John Lesieutre from State College Area High School, Pennsylvania, USA and Marcos Charalambides from Cyprus sent in excellent solutions to this problem.
Using $q(x)=1$ we get $2={\Lambda }_1+{\Lambda }_2+{\Lambda }_3$.
Using $q(x)=x$ we get $0={\Lambda }_1\sqrt{\frac{3}{5}}+{\Lambda }_3\sqrt{\frac{3}{5}}$ so ${\Lambda }_1={\Lambda }_3$.
Using $q(x)=x^2$ we get $\frac{2}{3}=\frac{3{\Lambda }_1}{5}+\frac{3{\Lambda }_3}{5}=\frac{6{\Lambda }_1}{5}$ so ${\Lambda }_1=\frac{5}{9}={\Lambda }_3$ and ${\Lambda }_2=\frac{8}{9}$.
Now if $q(x)=a+bx+c{x}^2$ (that is, a general quadratic), then ${\int }_{-1}^{1}a+bx+c{x}^{2}dx=2a+\frac{2c}{3}$, and ${\Lambda }_{1}q(-\sqrt{\frac{3}{5}})+{\Lambda }_{2}q\left(0\right)+{\Lambda }_{3}q\left(\sqrt{\frac{3}{5}}\right)=\frac{5}{9}(a-b\sqrt{\frac{3}{5}}+\frac{3c}{5})+\frac{8a}{9}+\frac{5}{9}(a+b\sqrt{\frac{3}{5}}+\frac{3c}{5})=\frac{10a}{9}+\frac{8a}{9}+\frac{2c}{3}=2a+\frac{2c}{3}$ so the formula works for all quadratics.
Using the same idea as above, to check that it works for cubics, quartics and quintics, we only have to check it for $x^3$, $x^4$ and $x^5$.
${\int }_{-1}^1{x}^{3}dx=0$ and $\frac{5}{9}(-\frac{3}{5}\sqrt{\frac{3}{5}})+\frac{5}{9}\left(\frac{3}{5}\sqrt{\frac{3}{5}}\right)=0$.
${\int }_{-1}^1{x}^{4}dx=\frac{2}{5}$ and $\frac{5}{9}\left(\frac{9}{25}\right)+\frac{5}{9}\left(\frac{9}{25}\right)=\frac{2}{5}$.
${\int }_{-1}^1{x}^{5}dx=0$ and $\frac{5}{9}(-\frac{9}{25}\sqrt{\frac{3}{5}})+\frac{5}{9}(-\frac{9}{25}\sqrt{\frac{3}{5}})=0$.

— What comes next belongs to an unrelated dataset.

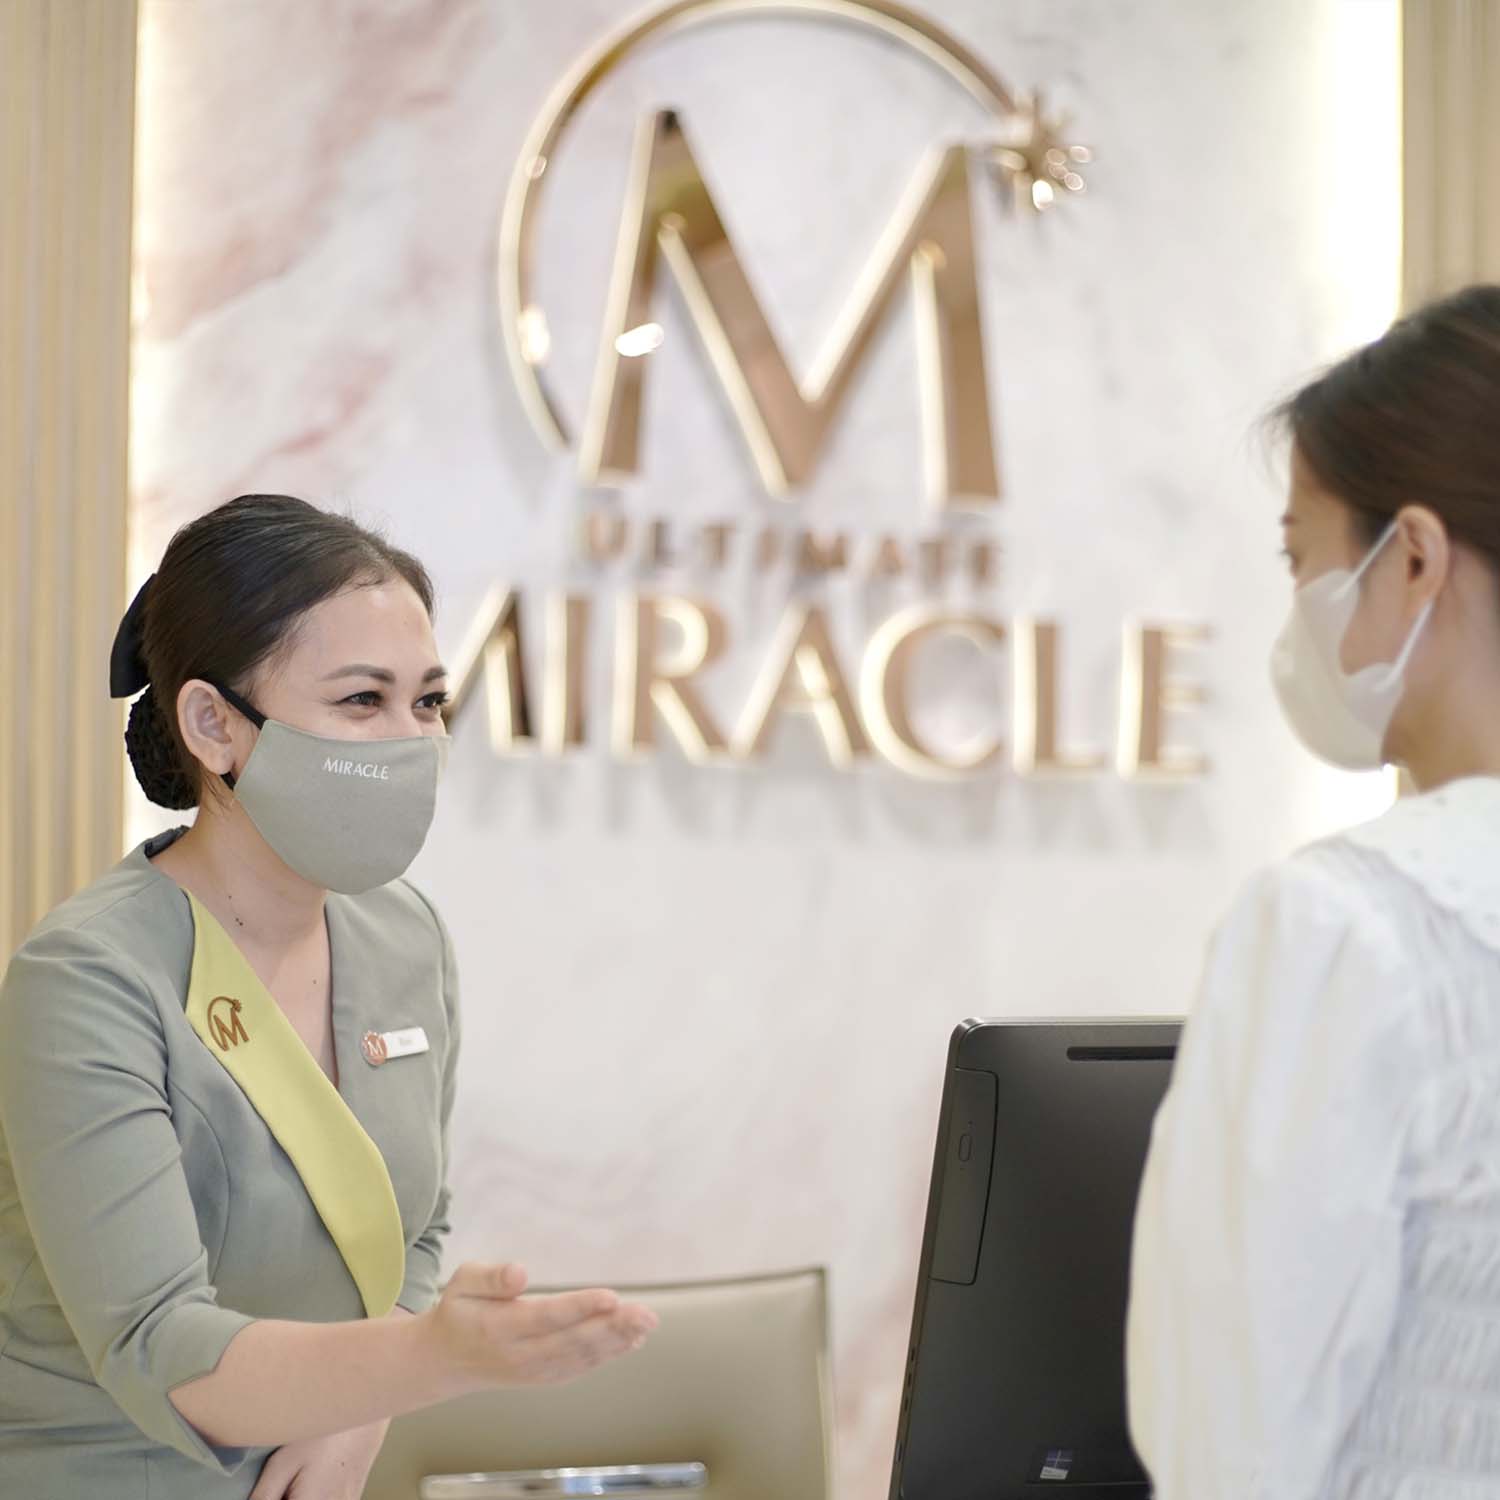 Ultimate Services from Miracle Ultimate

${\int }_{-1}^1{x}^{6}dx=\frac{2}{7}$ but $\frac{5}{9}\left(\frac{27}{125}\right)+\frac{5}{9}\left(\frac{27}{125}\right)=\frac{6}{25}$.
So the formula works for cubics, quartics and quintics, but not for higher powers.